Collected material Block Start
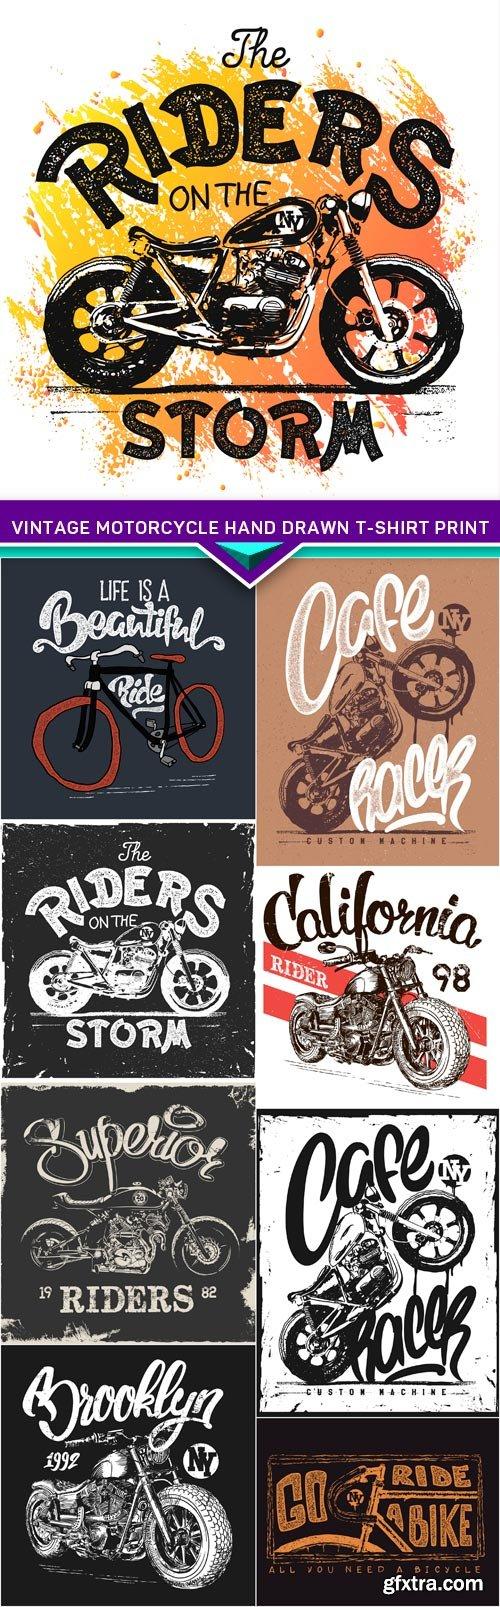 Vintage Motorcycle hand drawn t-shirt print 9X EPS
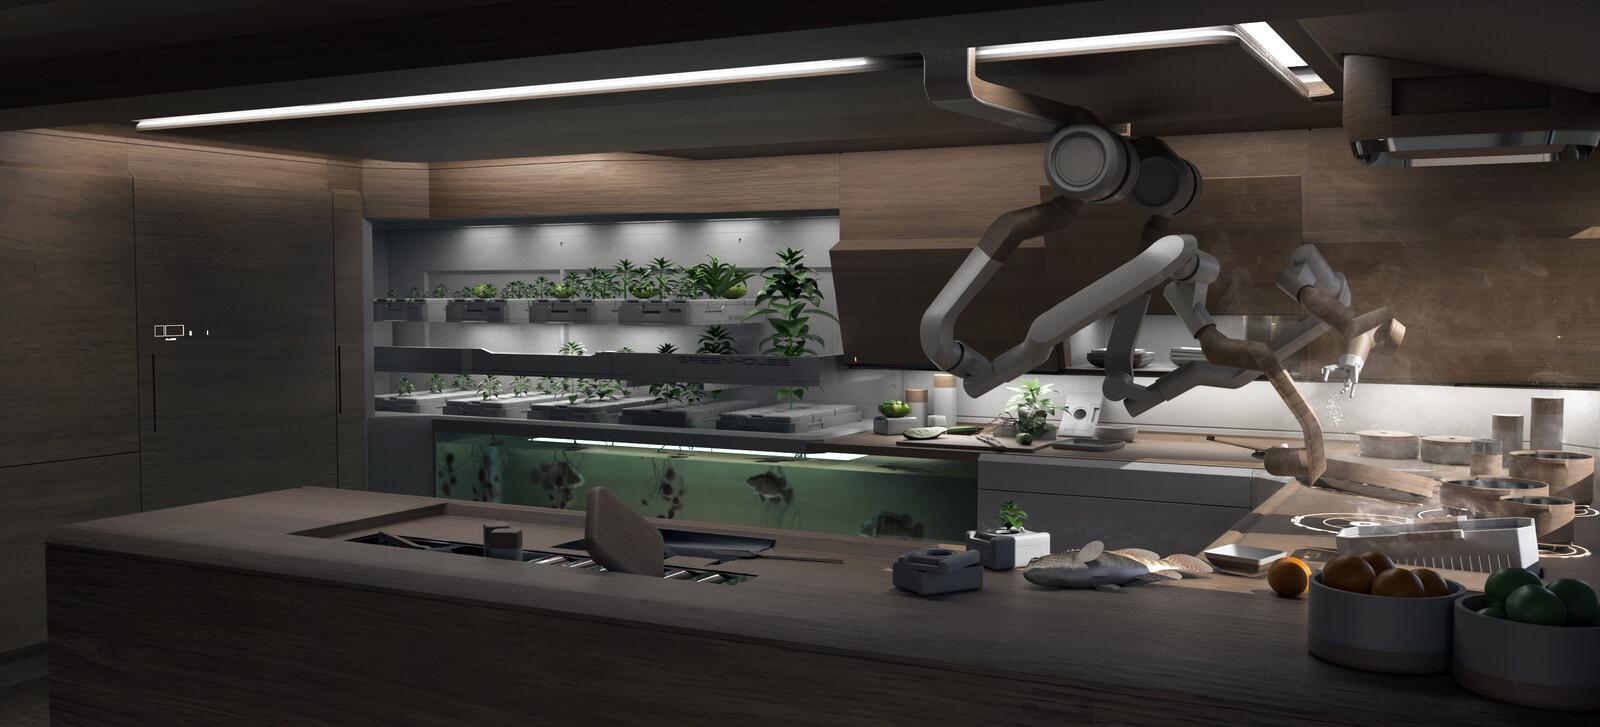 NVIDIA Metropia 2042 Interiors of the Future
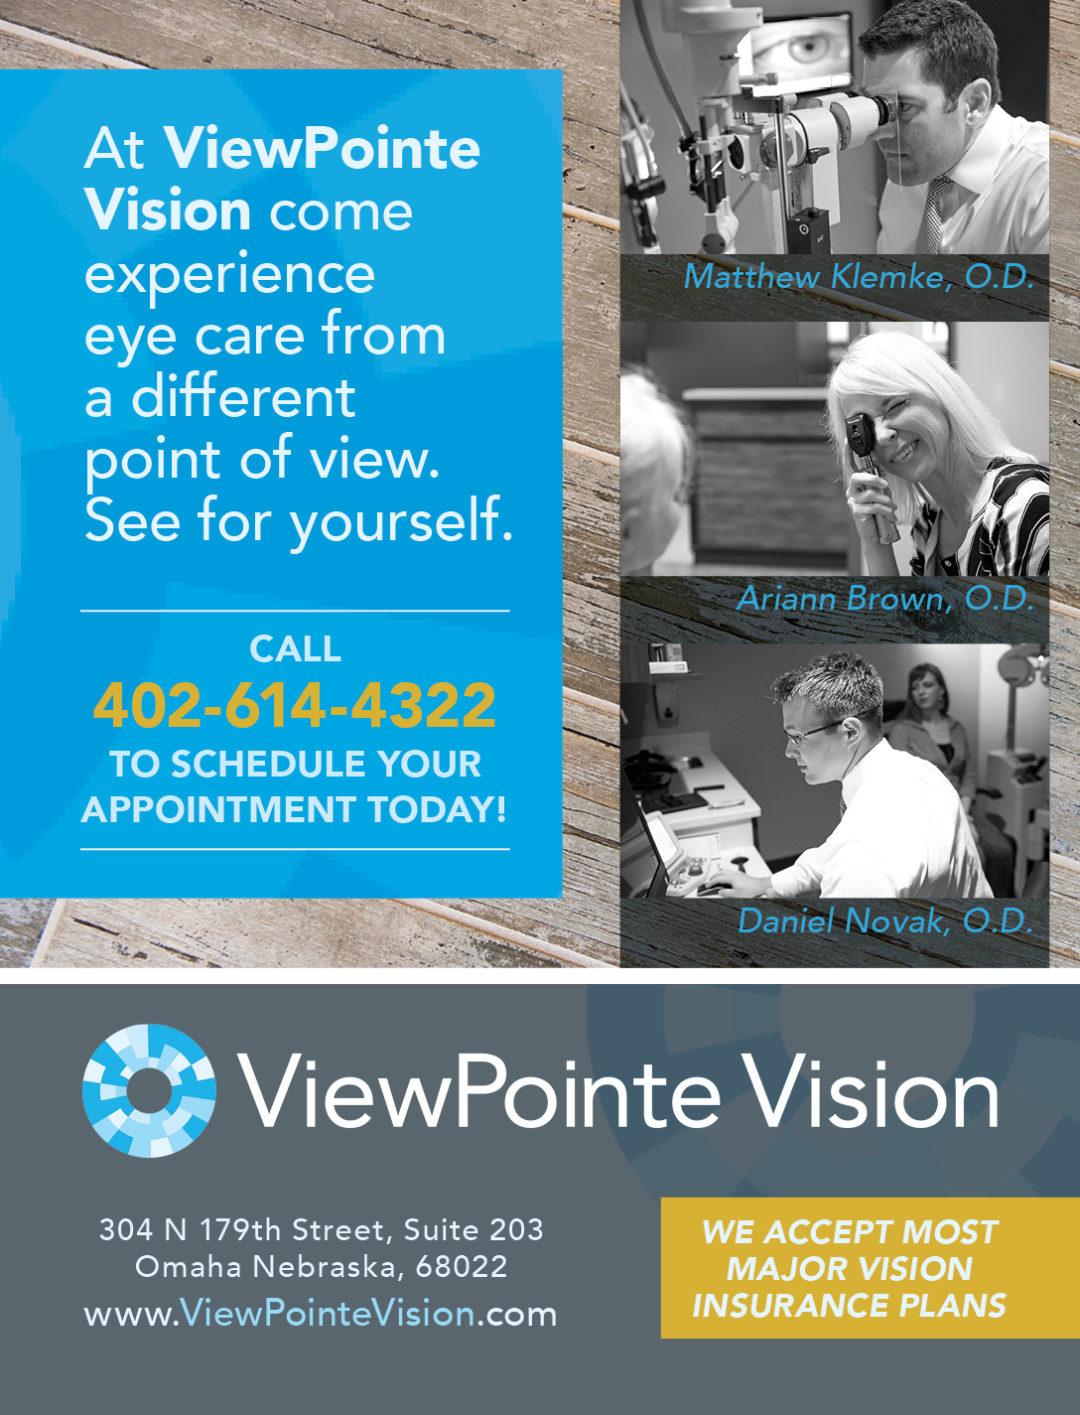 ViewPointe Vision Ad
Collected material Block End
= Action item =
The copy must begin with the line containing "NVIDIA Metropia 2042 Interiors of the Future", end with the last line of the material, match each line exactly, and hold no pictures.

= The answer =
 NVIDIA Metropia 2042 Interiors of the Future
 ViewPointe Vision Ad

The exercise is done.